**SOURCE DATA**
= = =

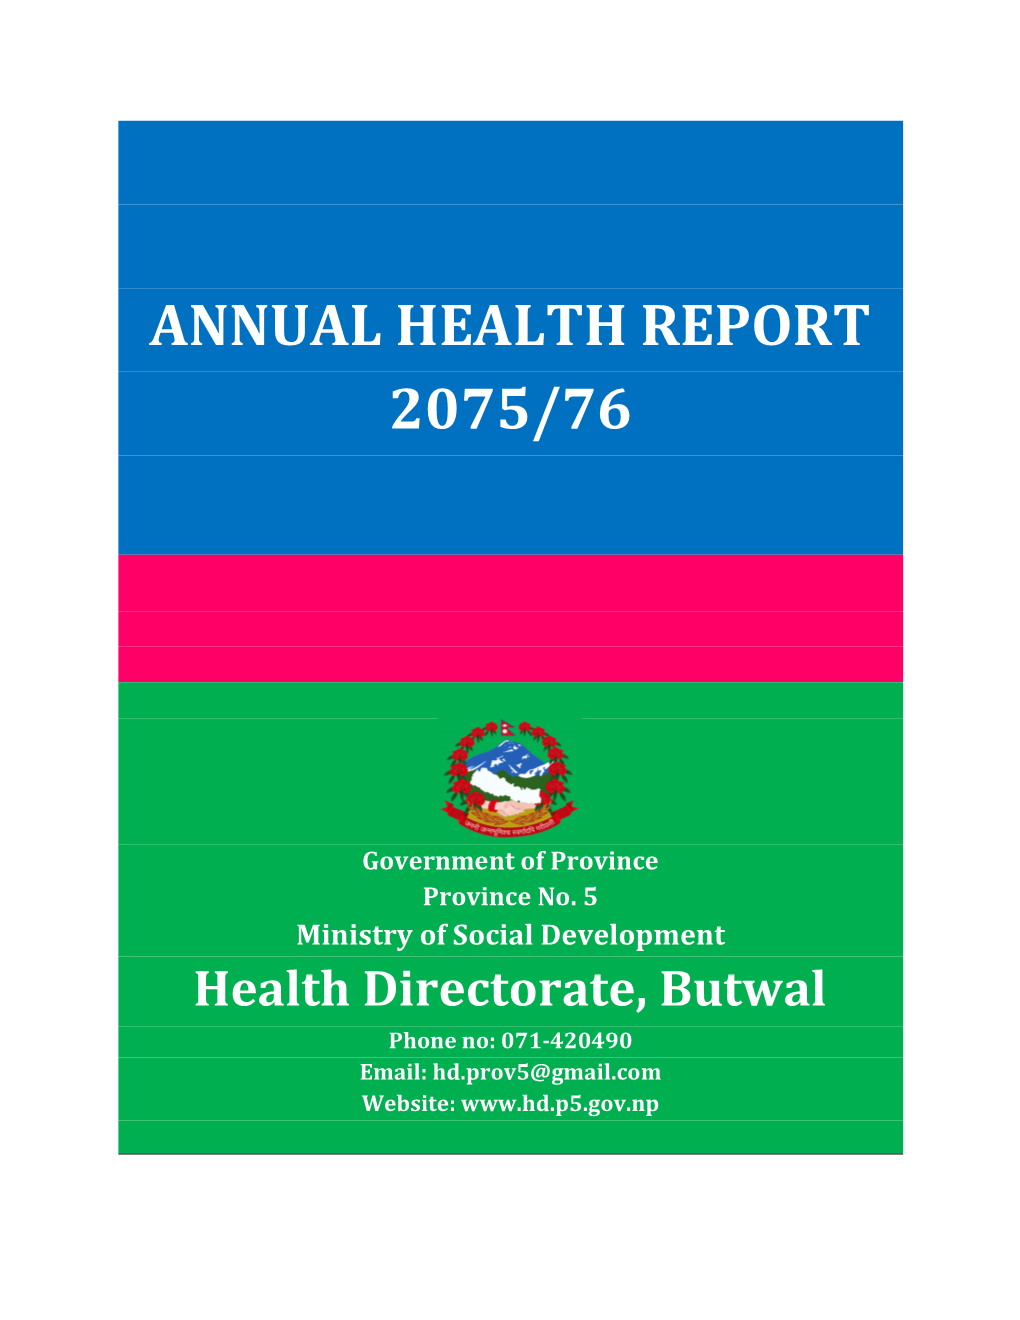 Annual Health Report 2075/76
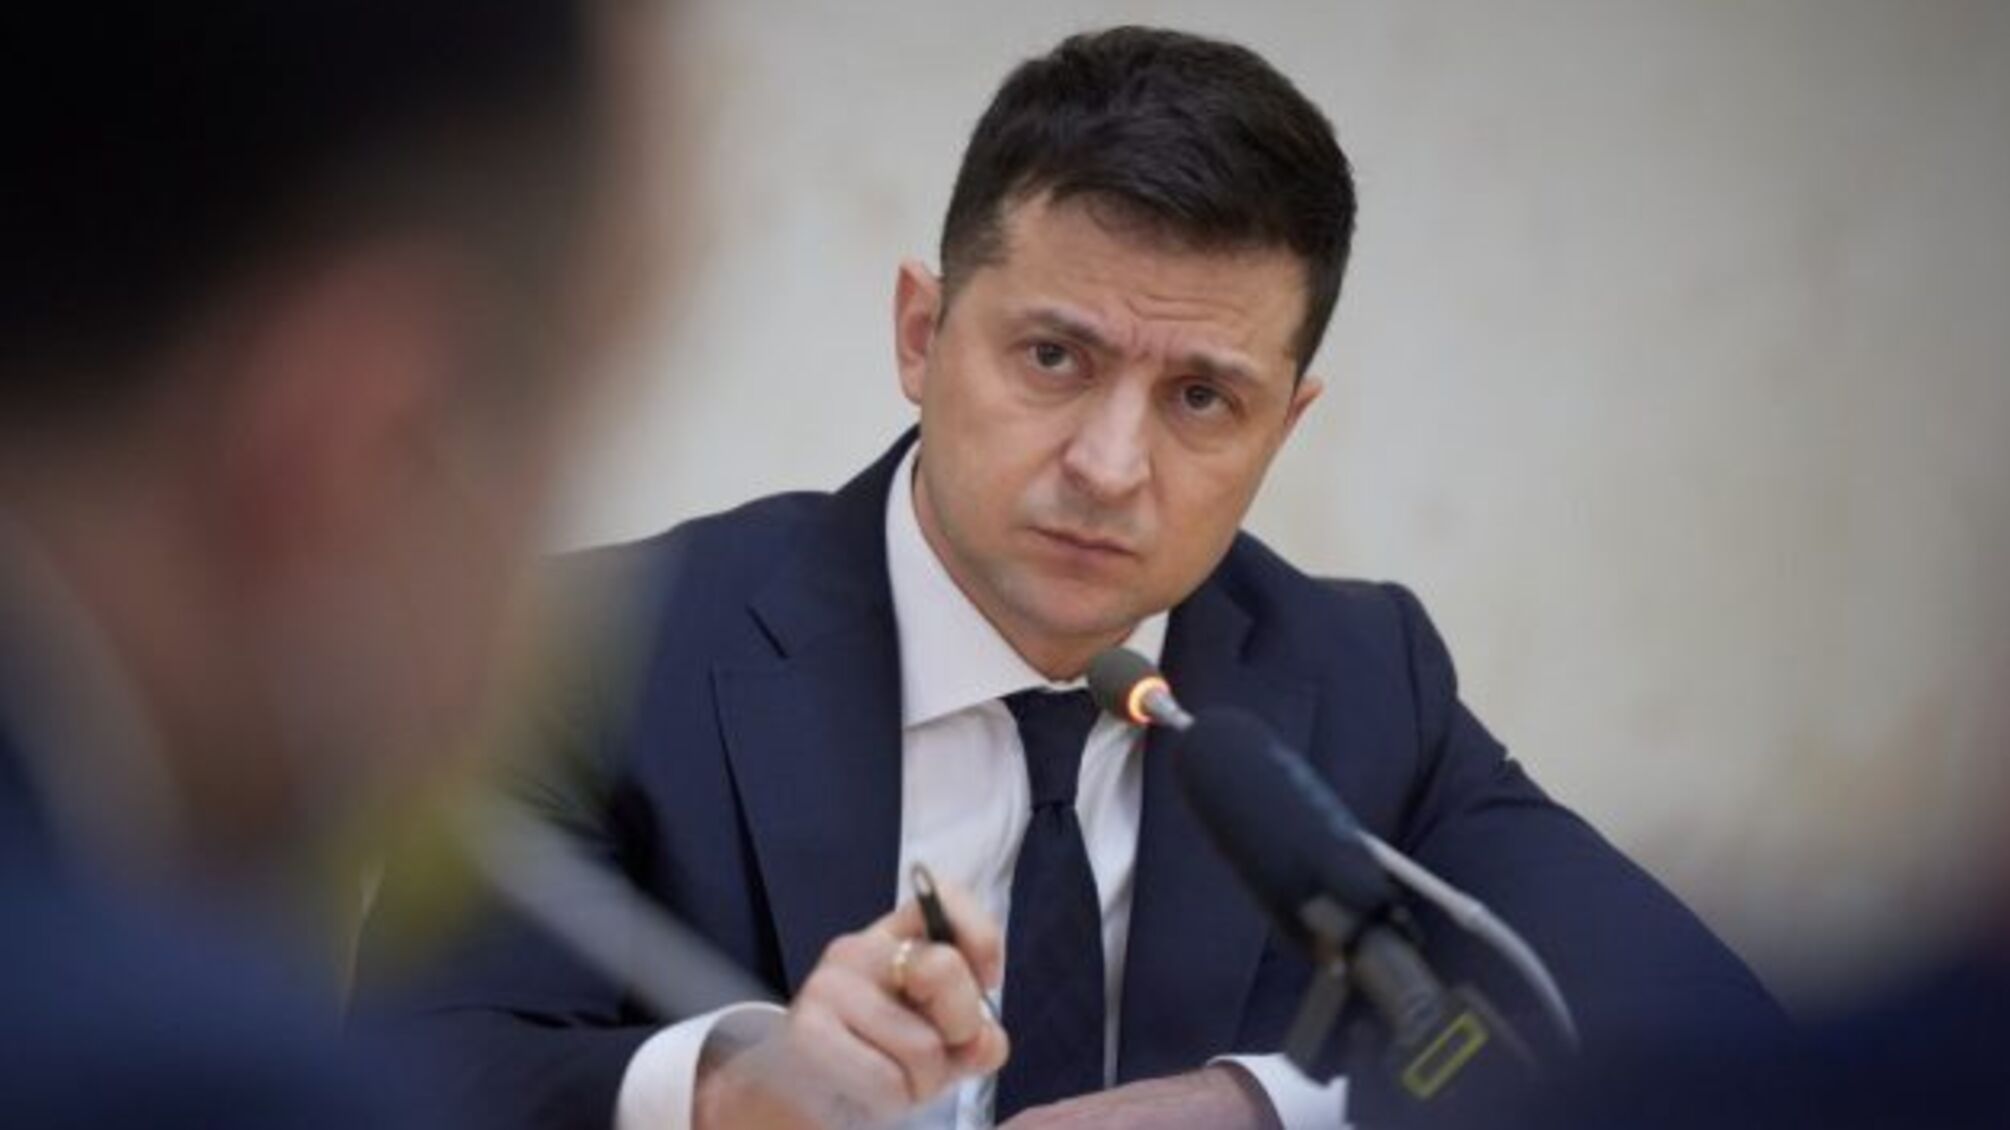 Избрание руководителя САП: Зеленский хочет закрыть вопрос до конца года
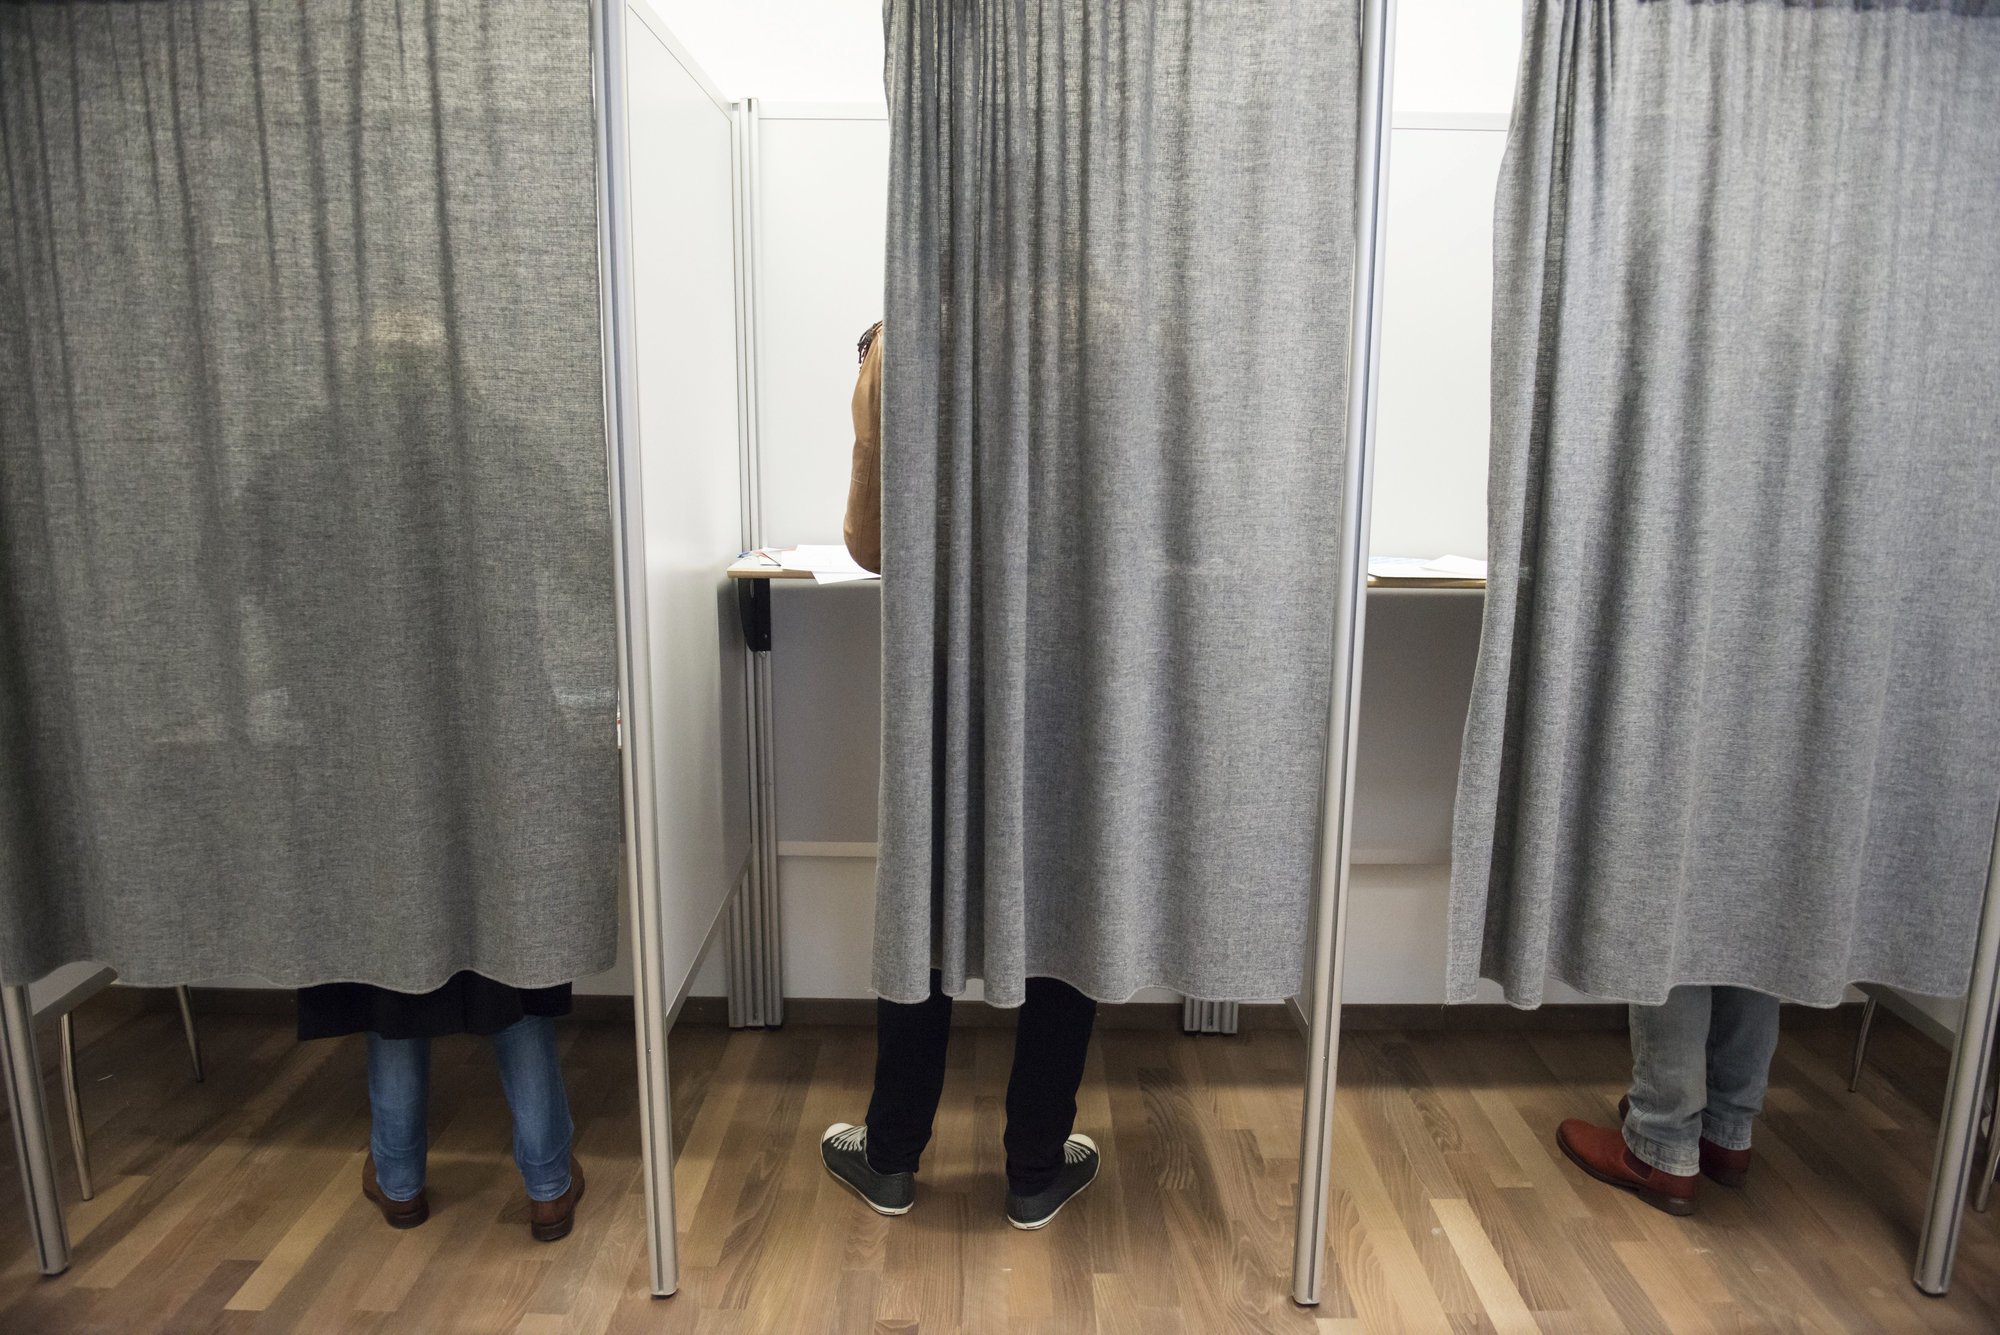 Le droit de vote pourrait être abaissé à 16 ans dans le canton de Berne.
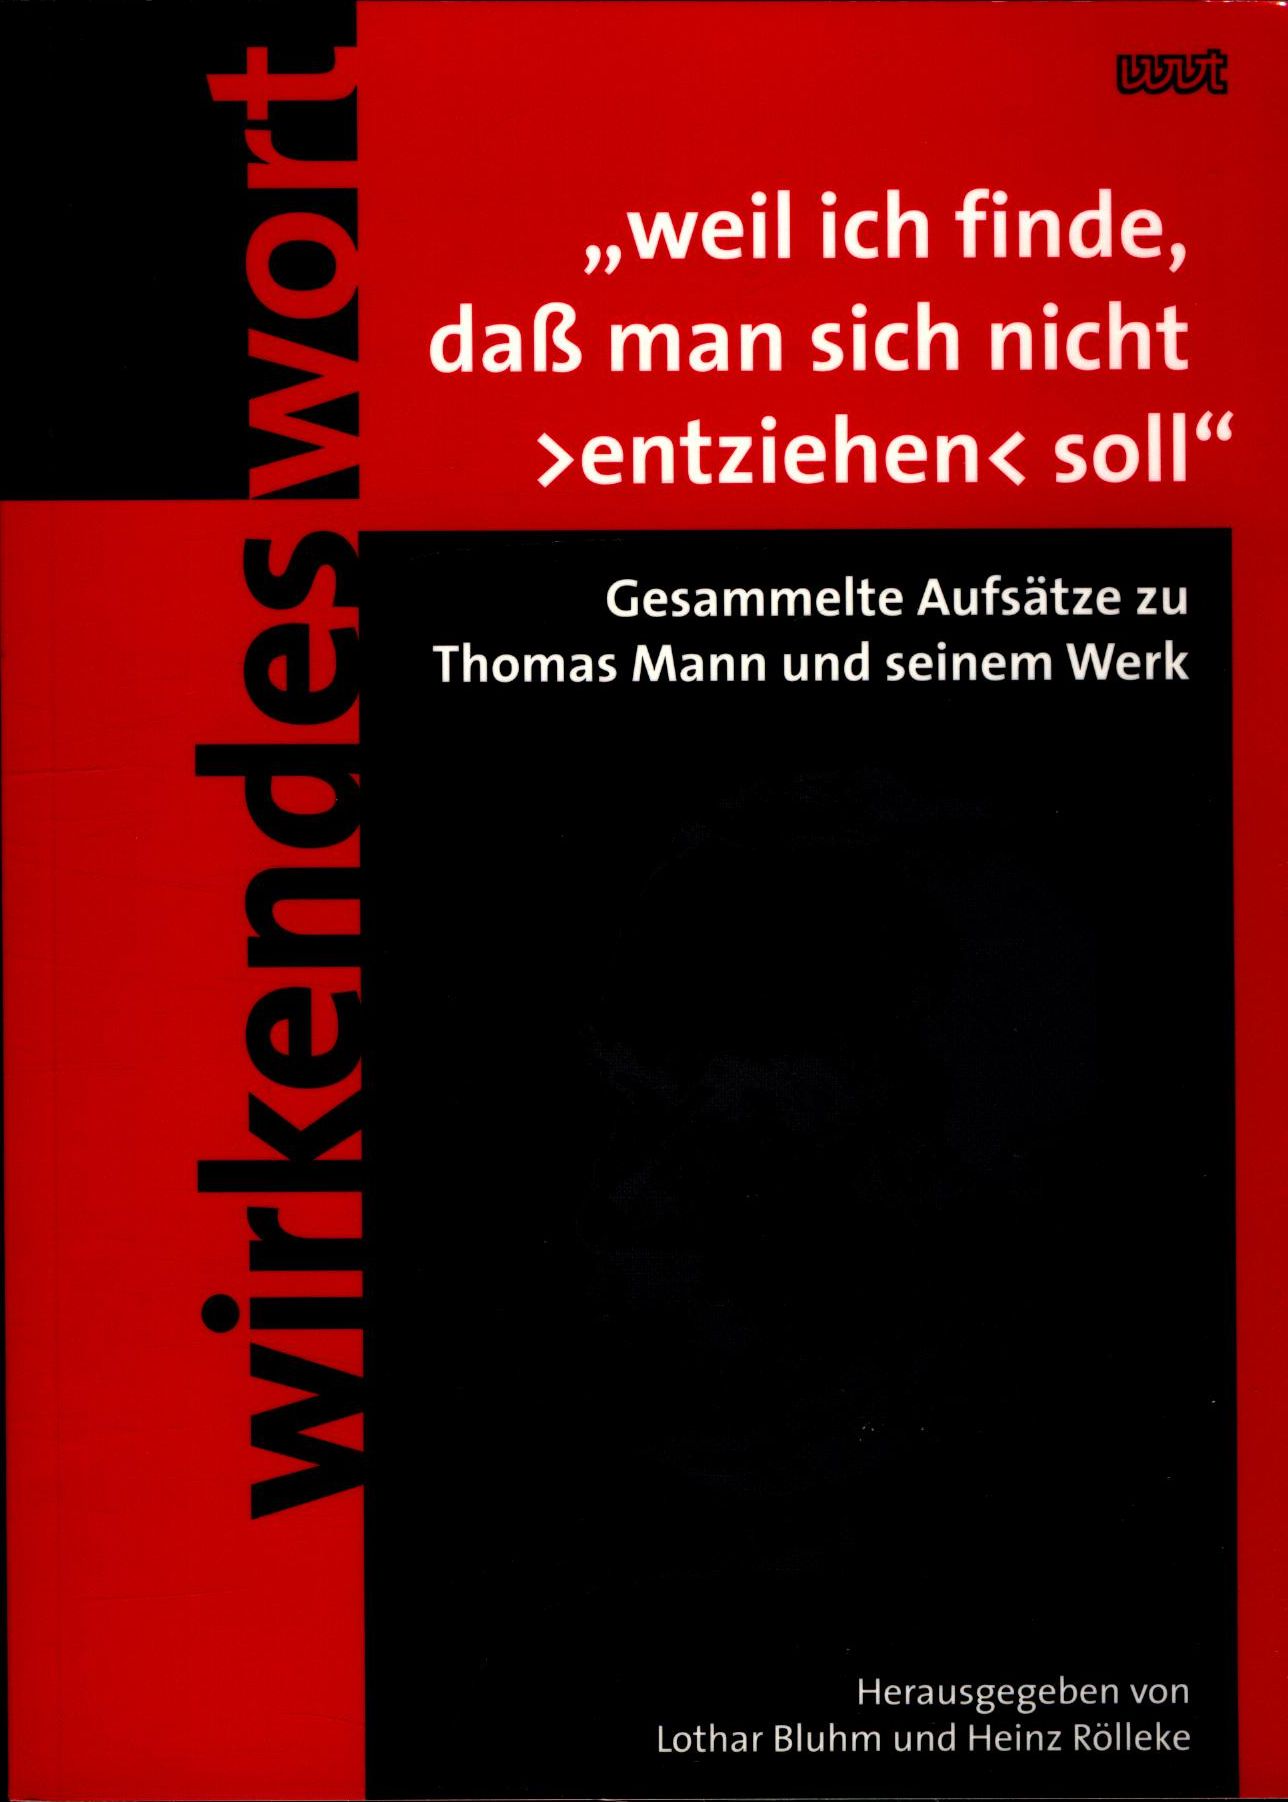 Weil ich finde, dass man sich nicht entziehen soll Gesammelte Aufsätze zu Thomas Mann und seinem Werk - Bluhm, Lothar und Heinz Rölleke

= = =

**TASK TO COMPLETE**
Could you output the entire listing verbatim while omitting its pictures?

**ANSWER AREA**
 Annual Health Report 2075/76
 Избрание руководителя САП: Зеленский хочет закрыть вопрос до конца года
 Le droit de vote pourrait être abaissé à 16 ans dans le canton de Berne.
 Weil ich finde, dass man sich nicht entziehen soll Gesammelte Aufsätze zu Thomas Mann und seinem Werk - Bluhm, Lothar und Heinz Rölleke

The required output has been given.